A RUNNER preparing for the London marathon says his training times are going to pot because he cannot pass by litter without picking it up.

Richard Warren, of Royal Field Close, is well-known in the Hullavington area for pounding the streets, and he cannot resist sweeping them clean as he goes.

He is distressed by the amount of litter stopping him in his tracks, and is urging people to bin it to help him win it.

“I am never going to get a personal best until I get a clear route,” he said. “I have to stop every 50 yards to pick something up.”

Mr Warren runs the roads around Hullavington, Norton, Foxley and as far as Nettleton via Grittleton, and said he usually collects two carrier bags full of rubbish on a five mile route.

The 70-year-old said he first took up running in 2008 for his health, because he wanted to make sure he was around to take care of his wife Lynette, 55, who has multiple sclerosis (MS).

“My plan is to live longer than her so I can look after her,” he said. “Lynette has lived and laughed with MS for over 30 years.”

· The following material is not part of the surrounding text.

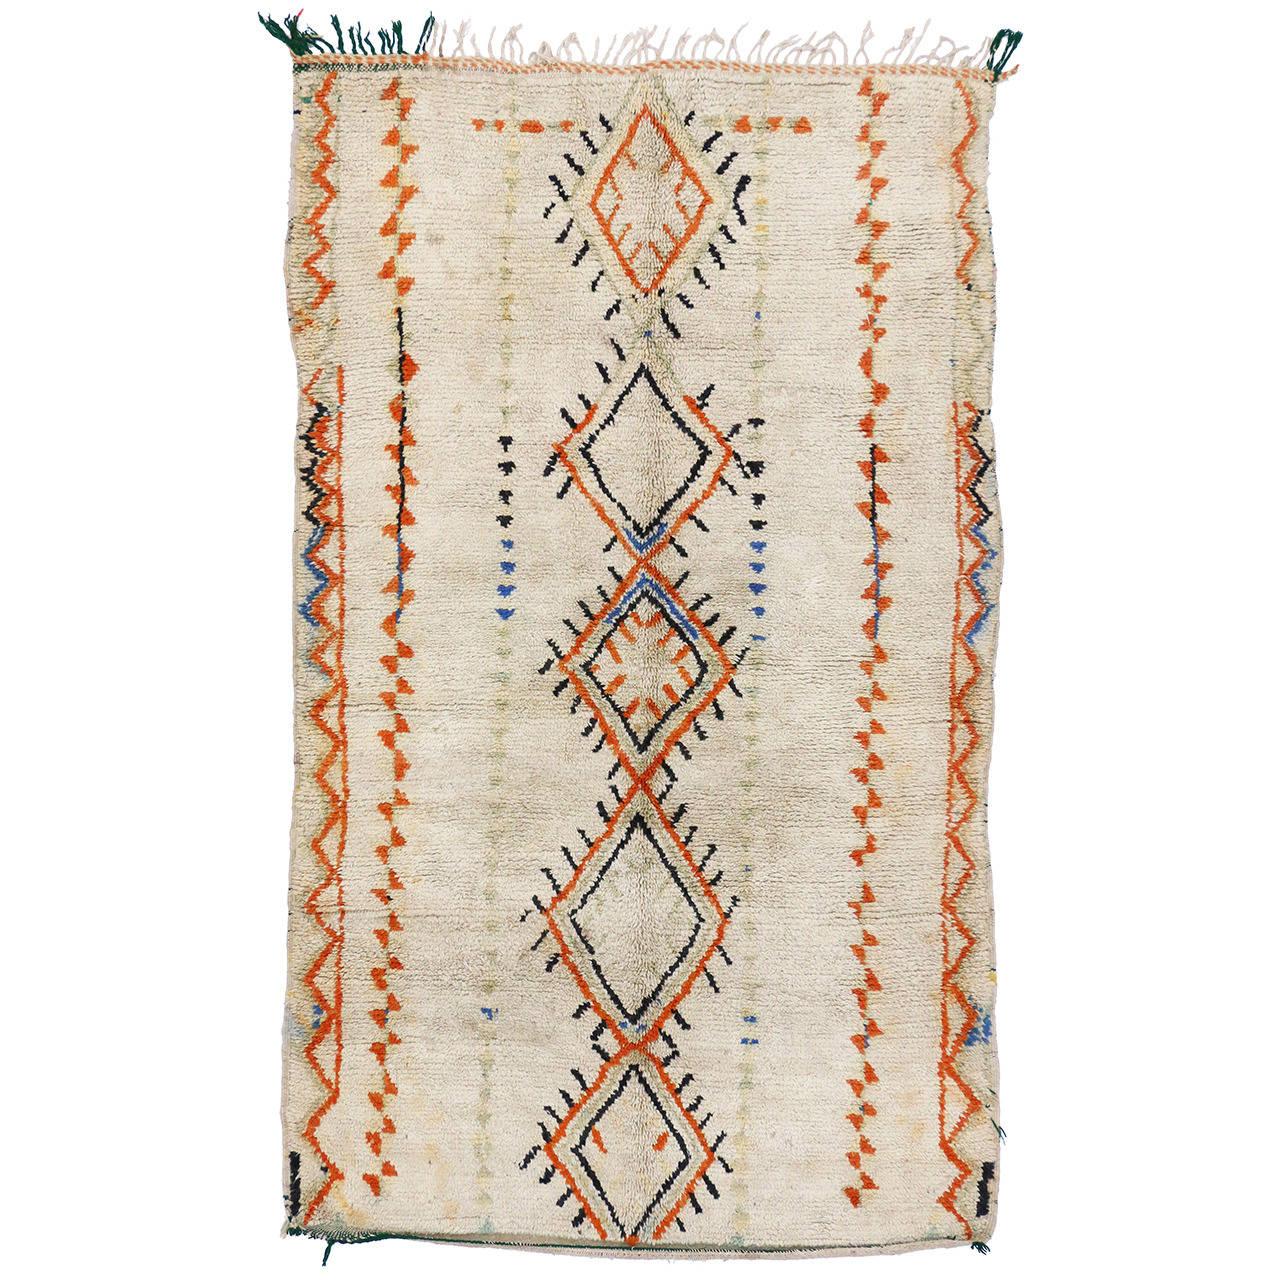 "Vintage Moroccan Area Rug For Sale At 1stdibs: Vintage Berber Moroccan Rug, 04'06"" X 07'06"" At 1stdibs"

When he runs his first marathon on April 26 with daughter Louise Clarke, they will be raising funds for the MS Society and the Swindon MS Therapy Centre.

Mrs Warren said: “I just think he’s barmy. He gets up at 5.15am when I’m still asleep.”

Mr Warren, who admits he may have a litter obsession, said he prefers to go out running when it is still dark because that way he can’t see the rubbish so well.

He said it all started because he and his wife would “drive around the beautiful countryside and we’d see all this litter – McDonald’s wrappers, hubs caps off cars, energy drinks; they don’t give them enough energy to put them in the bin.”

Mr Warren is a special constable in Malmesbury and a member of Sherston Drama Group and was a torch bearer in Trowbridge for the 2012 Olympics.

He hopes he and his daughter can raise £4,000 for charity and was given an unexpected donation on Sunday while running through Norton.

“A Range Rover pulled up and the driver said, ‘You’ve been doing that for a while haven’t you’, and he handed me £20. I thought, ‘That’s magic’.”

He hopes to complete the marathon in six hours, but said his main aim was 'to finish it alive'.